If such critical factors are resolved satisfactorily, wastes become isolated permanently with minimum risk to potable water sources, surface watercourses, or the sea. Furthermore, organic waste injection (e.g. human and animal biosolids, organic refuse) will also reduce CO2 emissions, and most of the carbon remains deep underground in solid form, the most secure approach to sequestration.
Deep waste injection is seldom used outside the oil industry; however, there are strong economic and environmental incentives for application to other waste streams. The most desirable stratigraphic conditions are typical of hydrocarbon-containing sedimentary basins where impermeable layers overlying porous and permeable strata have kept hydrocarbons in place for millions of years. Thus, primary candidate sites are likely to be old depleted reservoirs. Also, in a hydrocarbon province, stratigraphic data, operational experience, and technological expertise are available for its implementation.

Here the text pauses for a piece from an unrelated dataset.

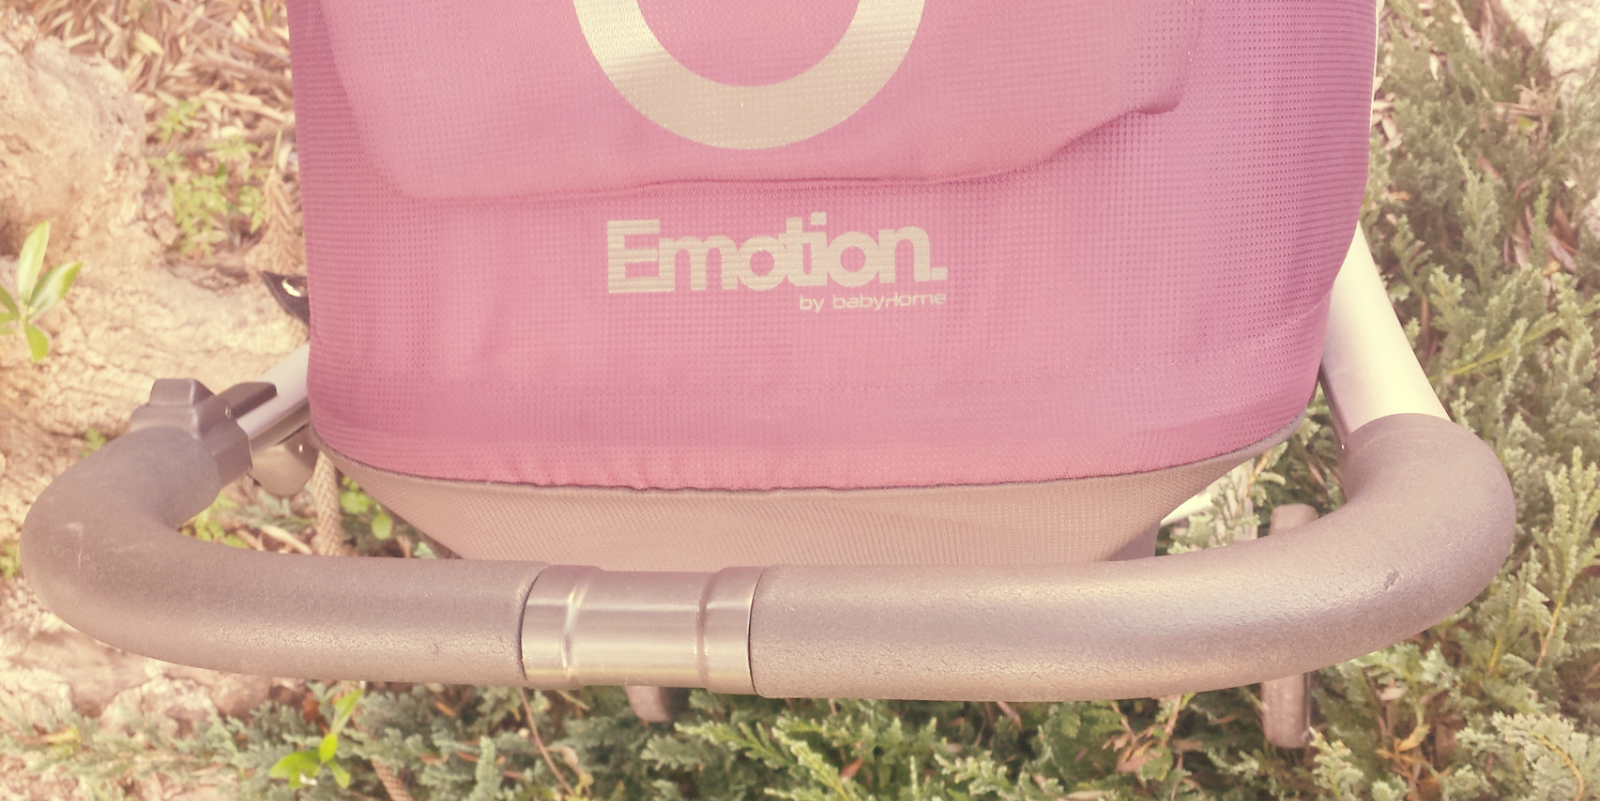 colchoneta emotion babyhome

This paper focuses on deep waste injection potential in new geographical areas, analyzing it as a disposal technique for different municipal and industrial waste streams. Although many of the technical and social issues are valid worldwide, the situation in Europe deserves particular attention:
• The environmental pressure on most European countries is large and increasing because of many densely-populated and heavilyindustrialized areas;
• Public awareness of the need to protect the environment has constantly been growing, driving the European Union toward approval of stricter regulations;
• Many geographical regions corresponding to the major sedimentary basins and flatlands in Europe are likely to be suitable;
• It is cost-effective compared to current disposal techniques used in Europe for most municipal and industrial waste streams;
• Despite no specific country-scale regulations to date, European Union law already includes deep underground injection as a permitted waste disposal method.